In contrast to welfare economics, public choice scholars do not assume a benevolent dictator as the single policymaker, but instead consider utility-maximizing politicians, bureaucrats, and voters interacting on a political market. Rooted in this very different assumption, public choice theory offers several explanations for the subsidy environment currently experienced by entrepreneurs (i.e., potential, nascent or young entrepreneurs).

First, public choice theory suggests that policymakers and funding authorities may have incentives that actually conflict with a policy targeting market failure. For instance, policymakers and program officials may wish to be seen as the engineers of success (Lerner, 1999) and thus they choose projects that have a high probability of success instead of funding projects which are likely to be affected by market failure (Stiglitz and Wallsten, 2000). The frequent absence of specific objectives in entrepreneurship policy programs (as criticized by Storey, 2000) can also be explained by public choice theory. Policymakers with only fuzzy objectives, if they have any at all, can more easily emphasize the successful parts of their programs and even reinterpret its goals in a self-serving manner during an election period to maximize votes.

Second, the multitude and extent of policy schemes (coming from innovation policy, SME policy, entrepreneurship policy, and labor market policy) which are delivered at the local, Länder, federal, and European level finds some explanation in Niskanen’s (1971) model of the budget maximizing bureaucrat.

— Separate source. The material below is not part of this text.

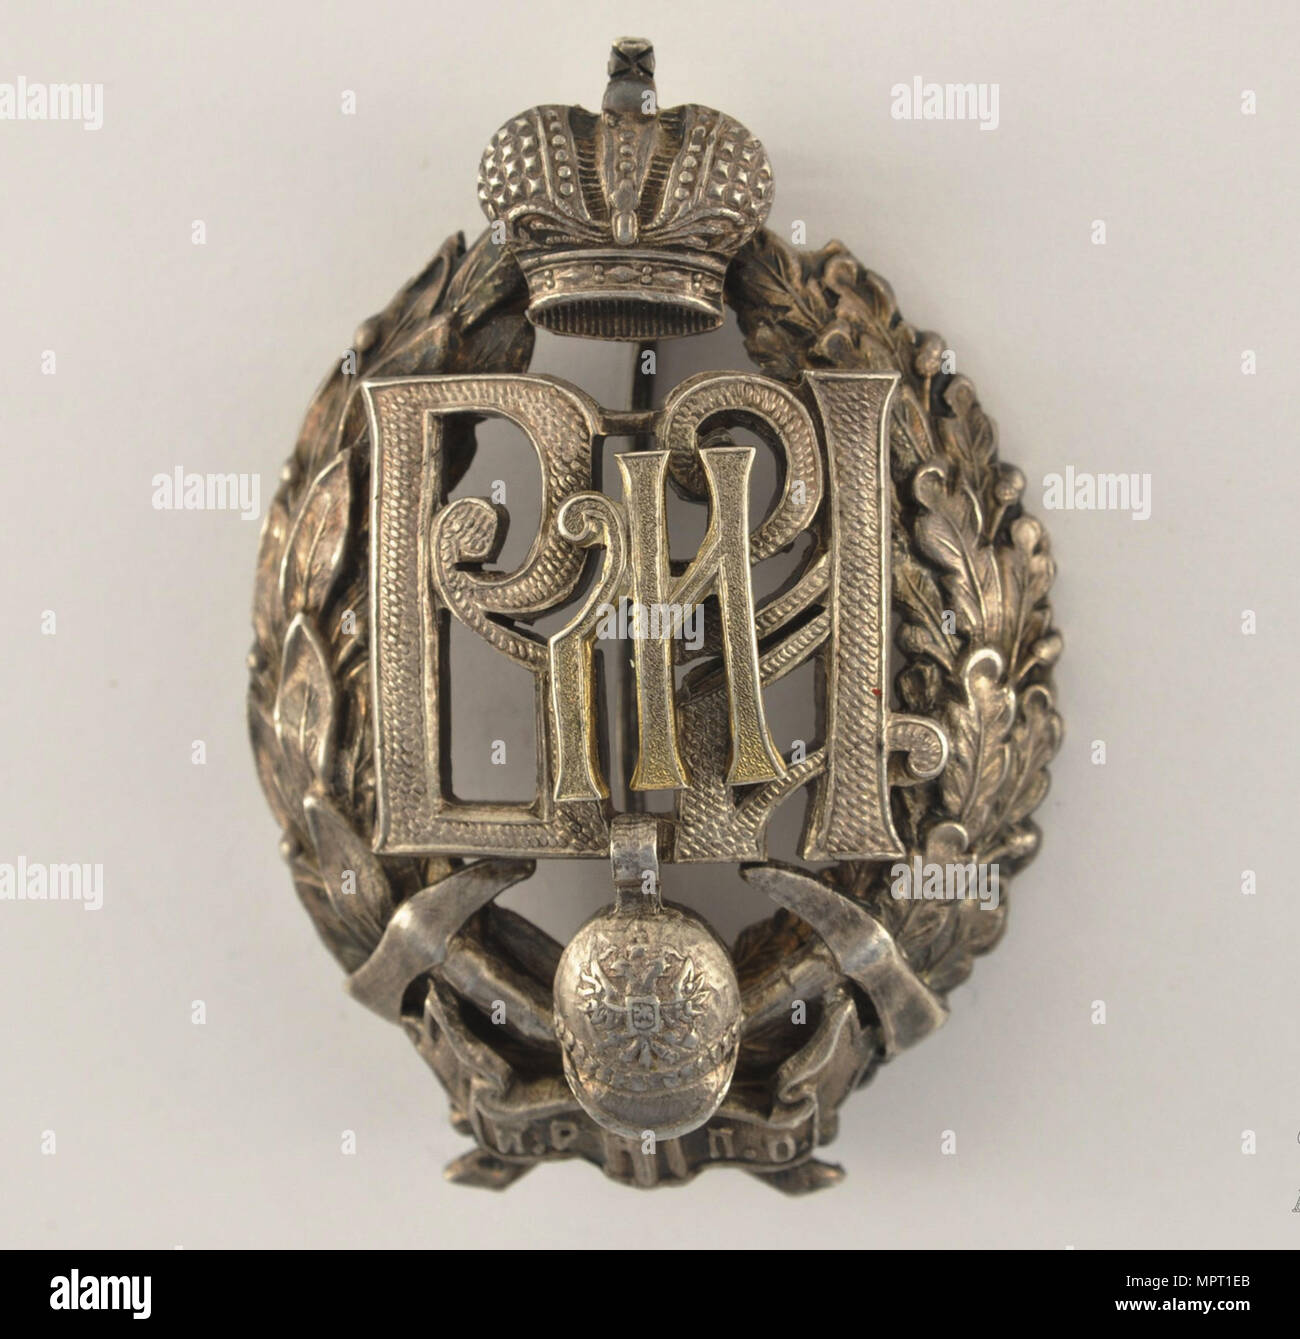 Insignia del premio de la sociedad de Bomberos de Imperial Rusa, comienzos del 20 cen. Foto de stock

According to Niskanen, rational bureaucrats maximize – among other things – influence, reputation, and power, which are in total approximated by budget size. Increases of budgets (and the consequent increase in influence, reputation, and power) can be achieved by promoting and implementing more and more policy schemes targeted at the entrepreneurial process. Pages et al. (2003, p. 256) label this phenomenon “program-itis” and it has the potential to result in redundancy and

ineffectiveness when these schemes are not part of a comprehensive entrepreneurship strategy.

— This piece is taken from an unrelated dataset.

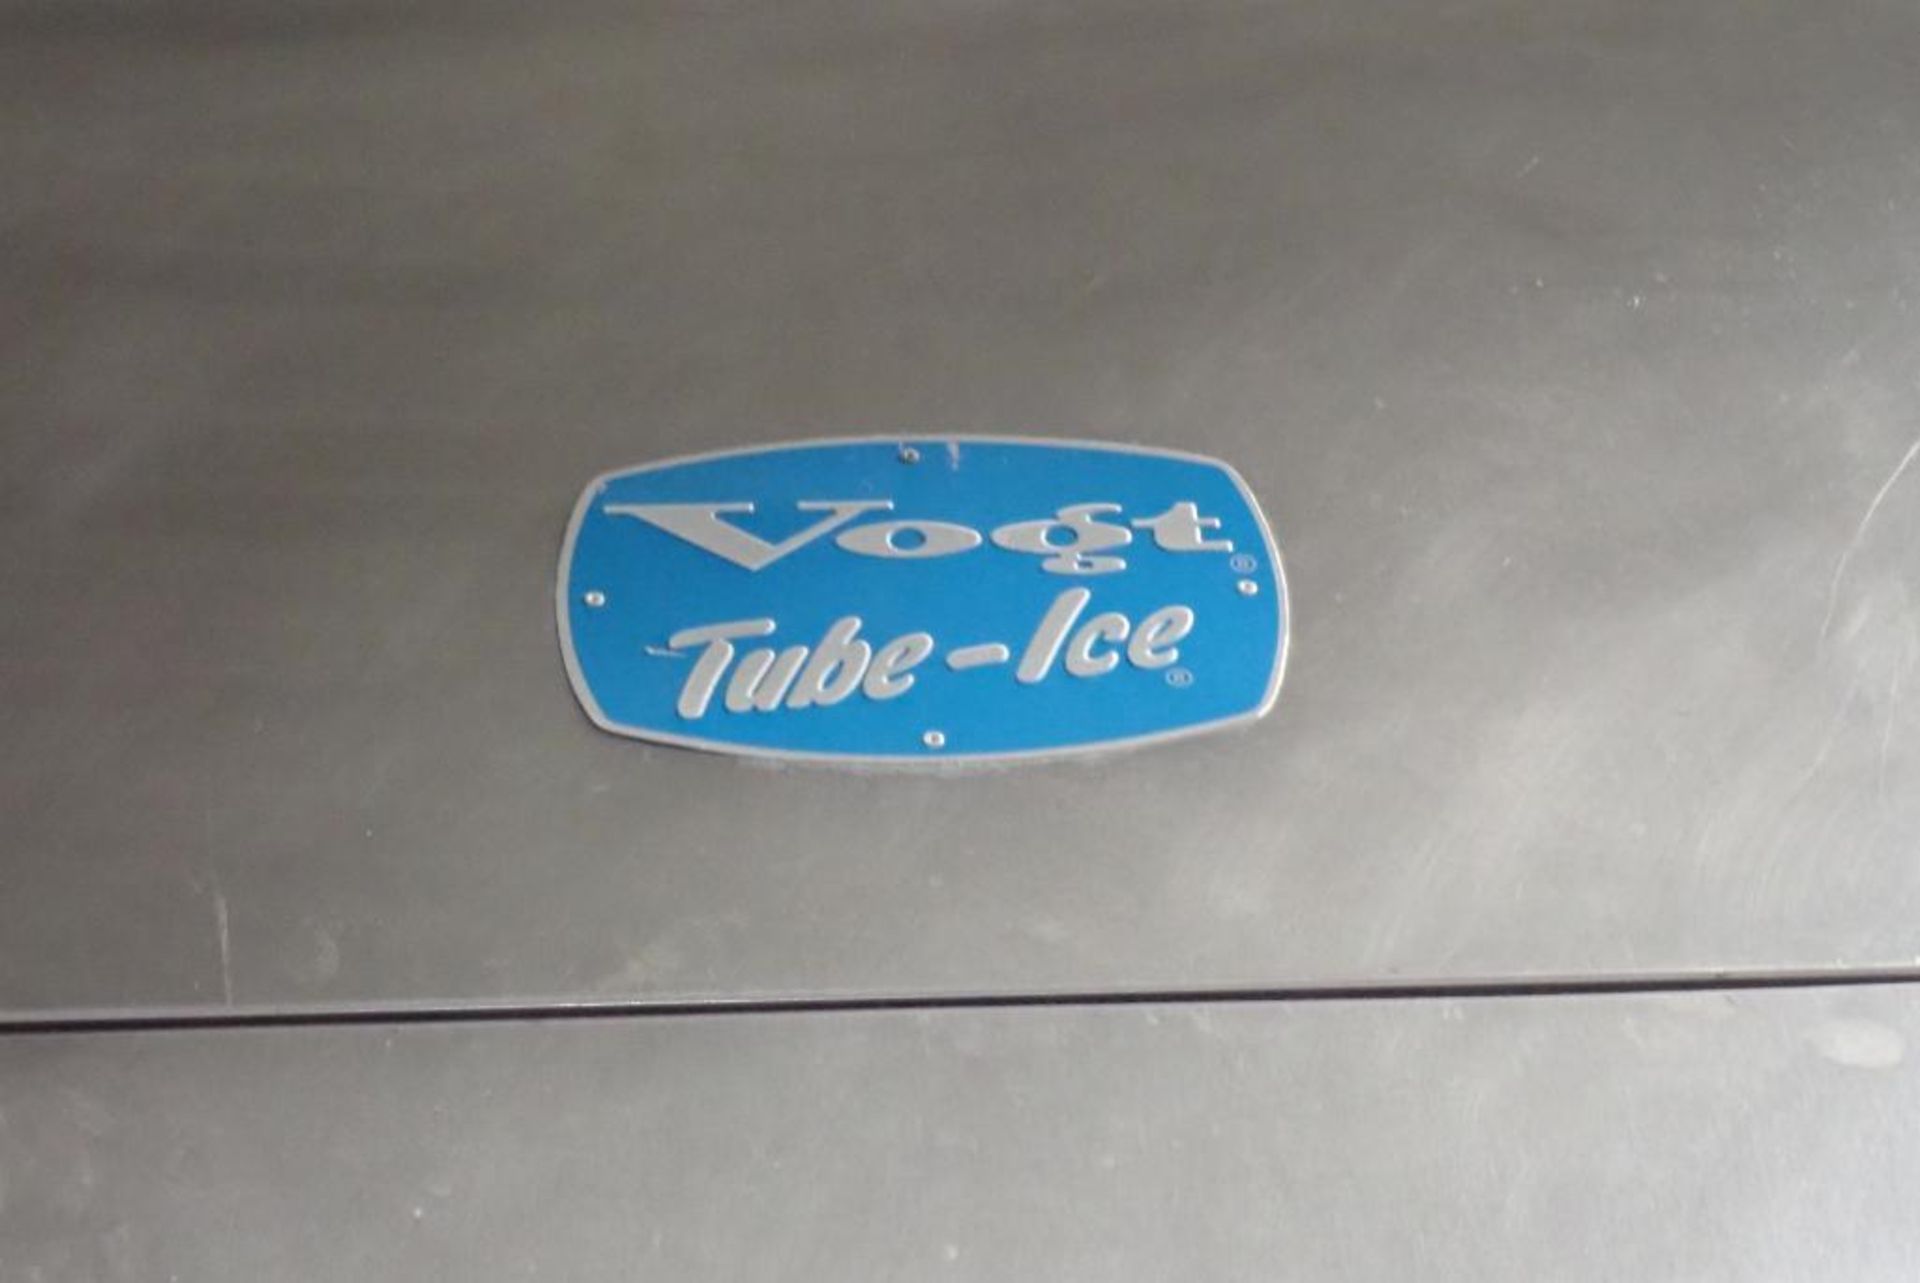 Vogt tube ice maker with Kolppenberg ice hopper - Image 8 of 15

Third, in contrast to economic development strategies that target established firms, policy support of innovative entrepreneurship encompasses measures targeted at the individual (potential, nascent, or young) entrepreneur. These enabling policies can take a very long time before they eventually may manifest in increased start-up rates. Moreover, their effects are difficult to track and are often not obvious to the public. The theory of political business cycles (e.g., Nordhaus, 1975) suggests that opportunistic utility- maximizing incumbent policymakers try to use expansionary economic policy to create favorable macroeconomic conditions so as to increase their chances of re-election. However, entrepreneurship policies with their very long lead times and no obvious impact cannot be timed to have a positive effect on the economy at the end of a specific legislative period. Therefore, Pages et al. (2003) suggest that policymakers will favor more direct types of policy intervention, which explains why enabling policies focused on “soft” policy measures like consulting and awareness building still constitute a tiny fraction of economic policy measures.

Future researchers making policy recommendations for effectively supporting innovative entrepreneurship should thus consider the potentially distortive policy response to their advice (Jones and Cullis, 1993). Since the “policy process always influences the content of policy” (Pages et al., 2003, p. 228), taking this precaution will ensure that alleged market failure (which is accused of hampering innovative entrepreneurial activity) does not result in proven policy failure.